** Supplied records follows **

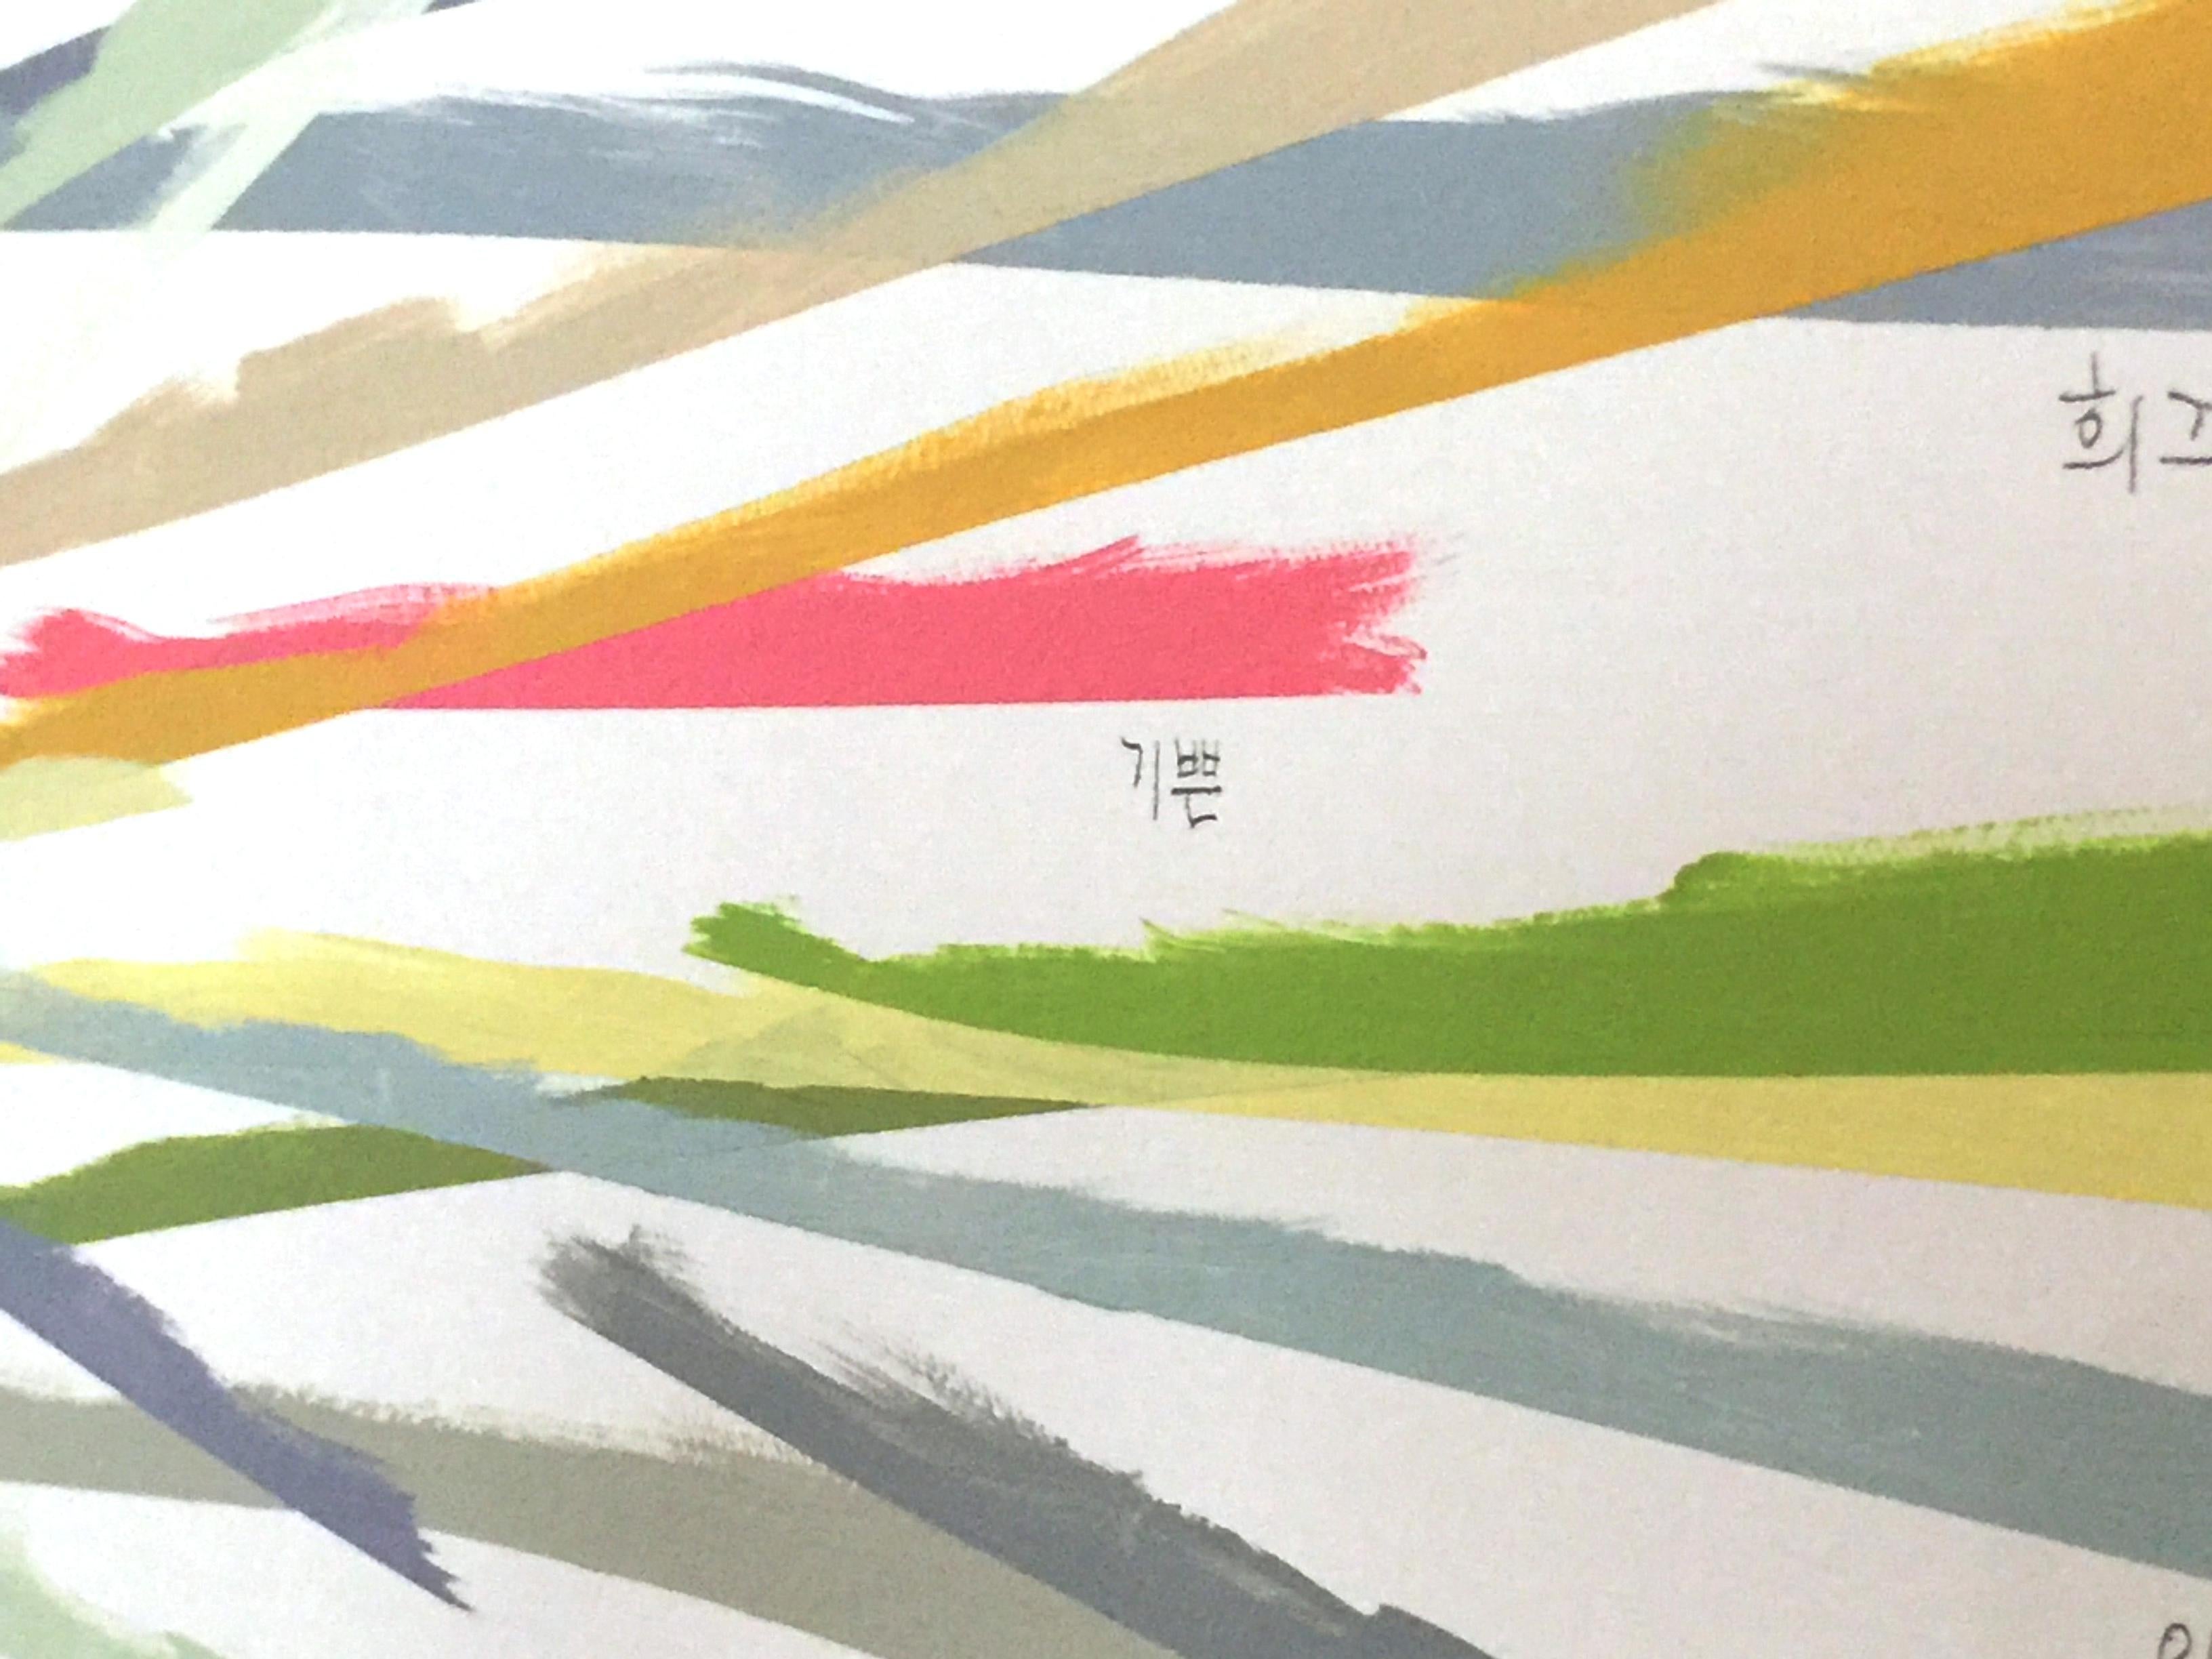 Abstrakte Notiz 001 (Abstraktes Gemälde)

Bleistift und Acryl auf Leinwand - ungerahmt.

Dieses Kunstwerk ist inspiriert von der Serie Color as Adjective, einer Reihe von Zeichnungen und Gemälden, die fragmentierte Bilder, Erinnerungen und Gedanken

** End of Supplied records **
** Supplied records follows **

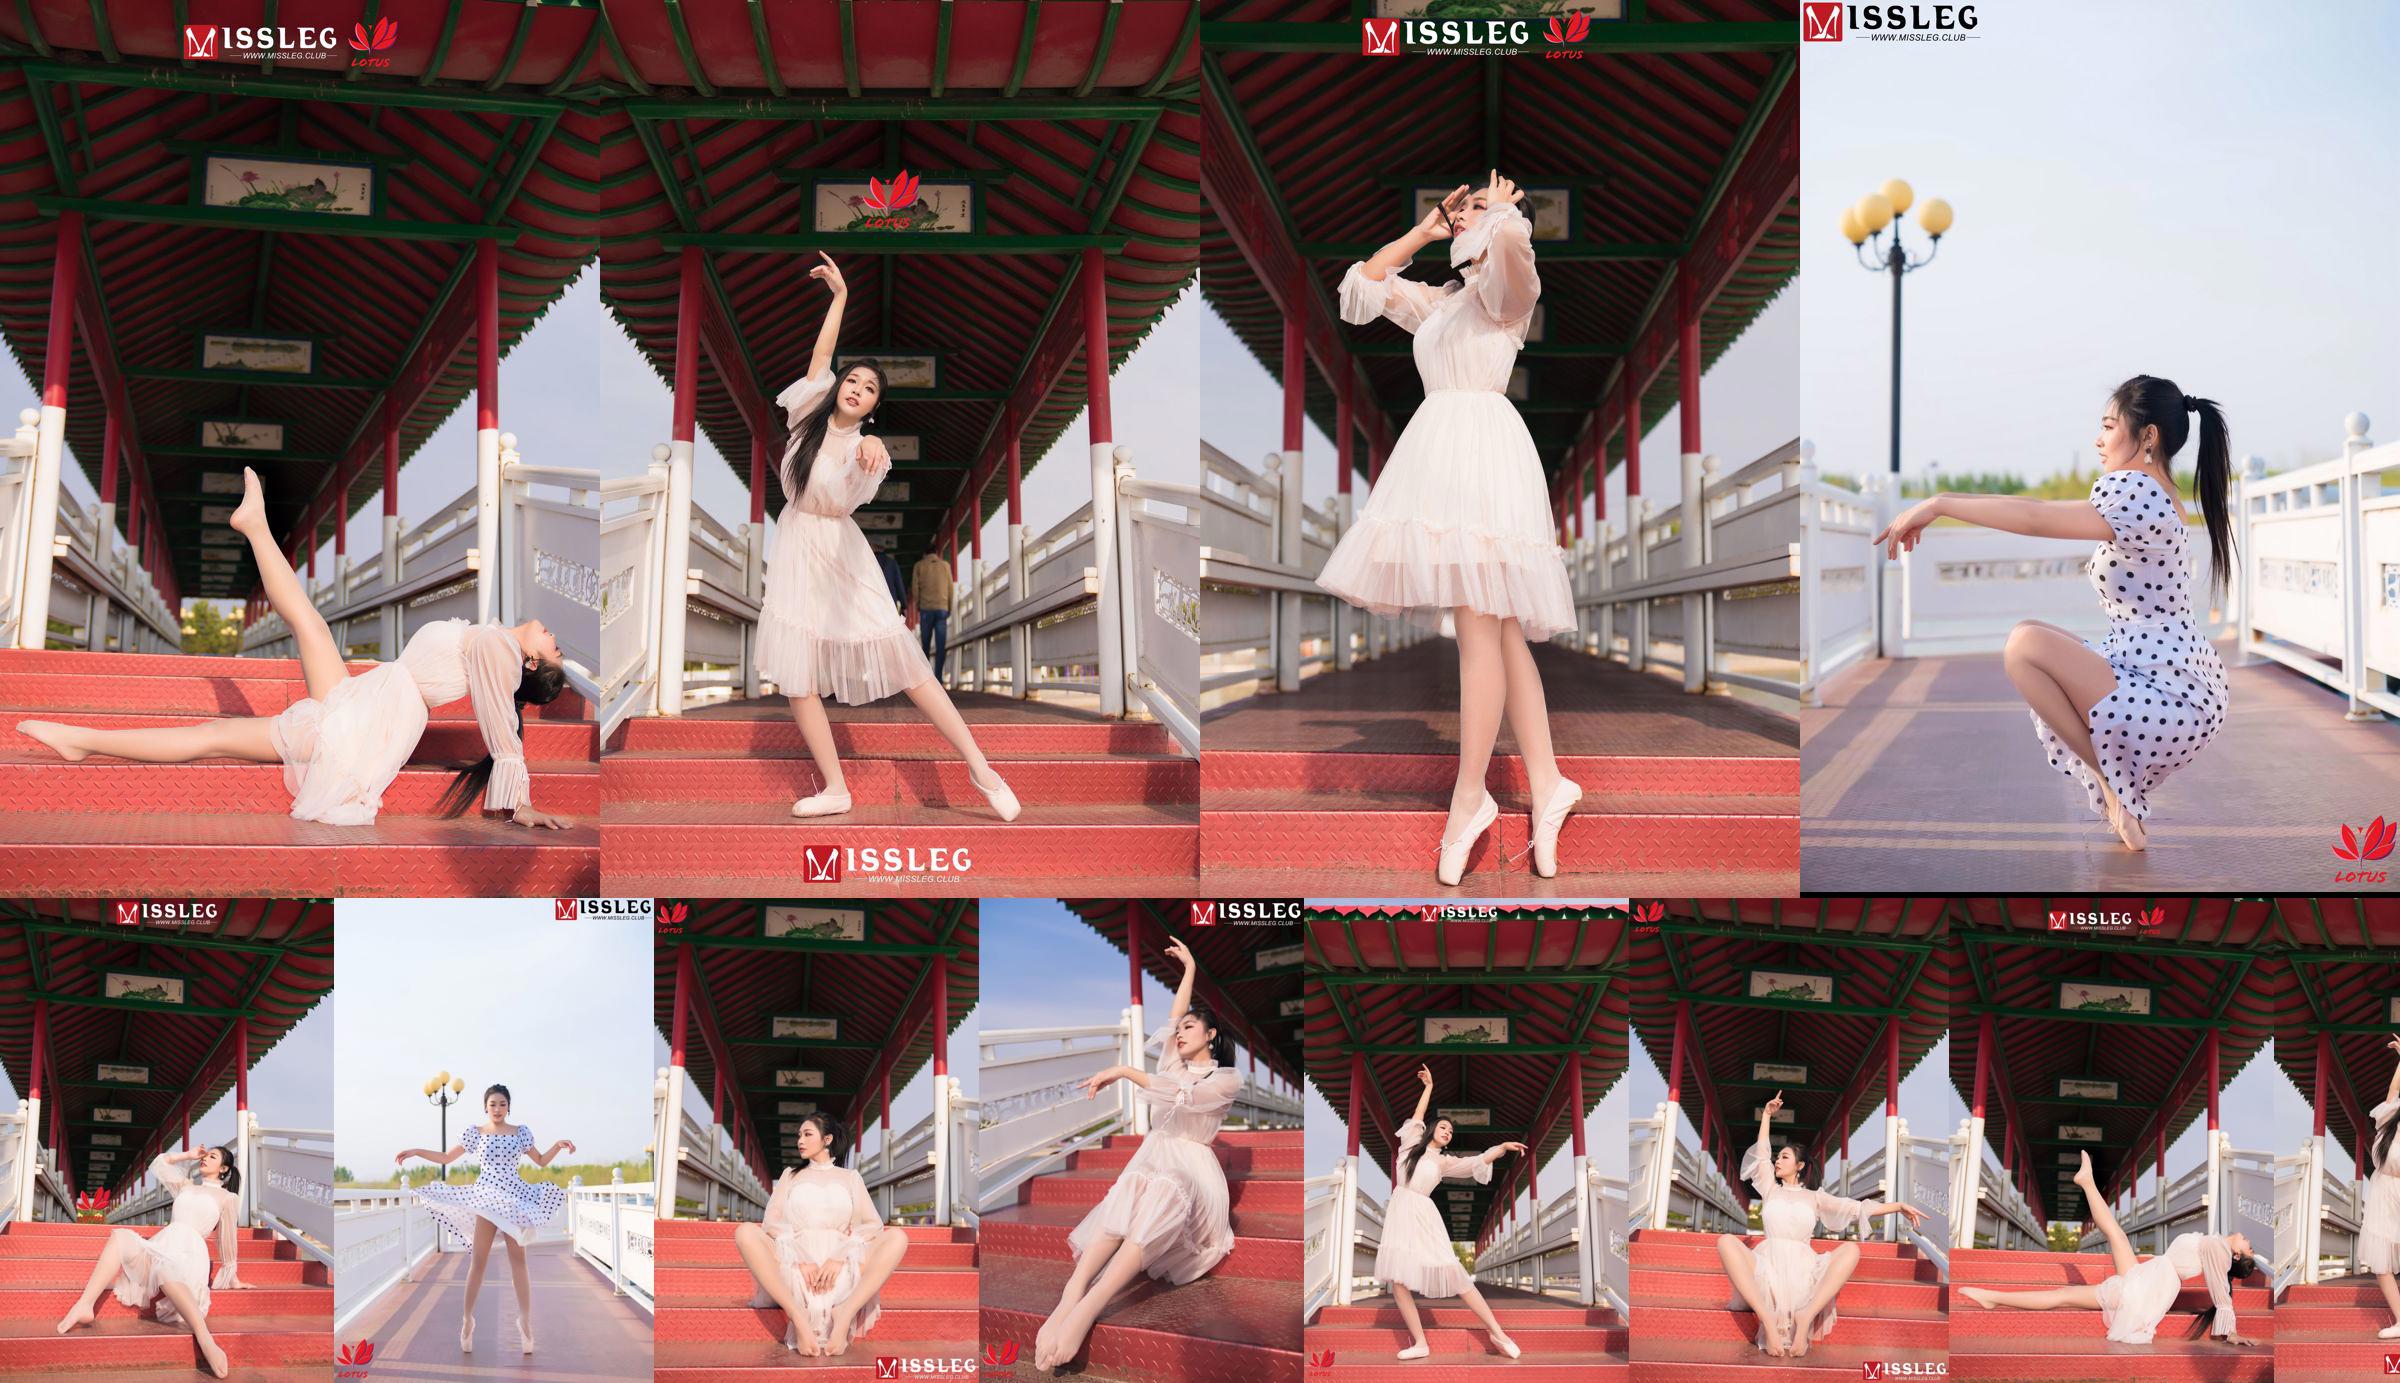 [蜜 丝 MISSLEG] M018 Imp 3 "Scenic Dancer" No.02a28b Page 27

** End of Supplied records **
** Supplied records follows **

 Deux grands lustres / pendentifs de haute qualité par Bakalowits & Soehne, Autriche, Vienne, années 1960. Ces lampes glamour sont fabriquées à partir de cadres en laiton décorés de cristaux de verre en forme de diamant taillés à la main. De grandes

** End of Supplied records **

Exercise instructions: Beginning at the line above that contains "Abstrakte Notiz 001 (Abstraktes Gemälde)", repeat each line exactly through the one that contains "Dieses Kunstwerk ist", and leave out the pictures.

Completed exercise:
 Abstrakte Notiz 001 (Abstraktes Gemälde)

Bleistift und Acryl auf Leinwand - ungerahmt.

Dieses Kunstwerk ist inspiriert von der Serie Color as Adjective, einer Reihe von Zeichnungen und Gemälden, die fragmentierte Bilder, Erinnerungen und Gedanken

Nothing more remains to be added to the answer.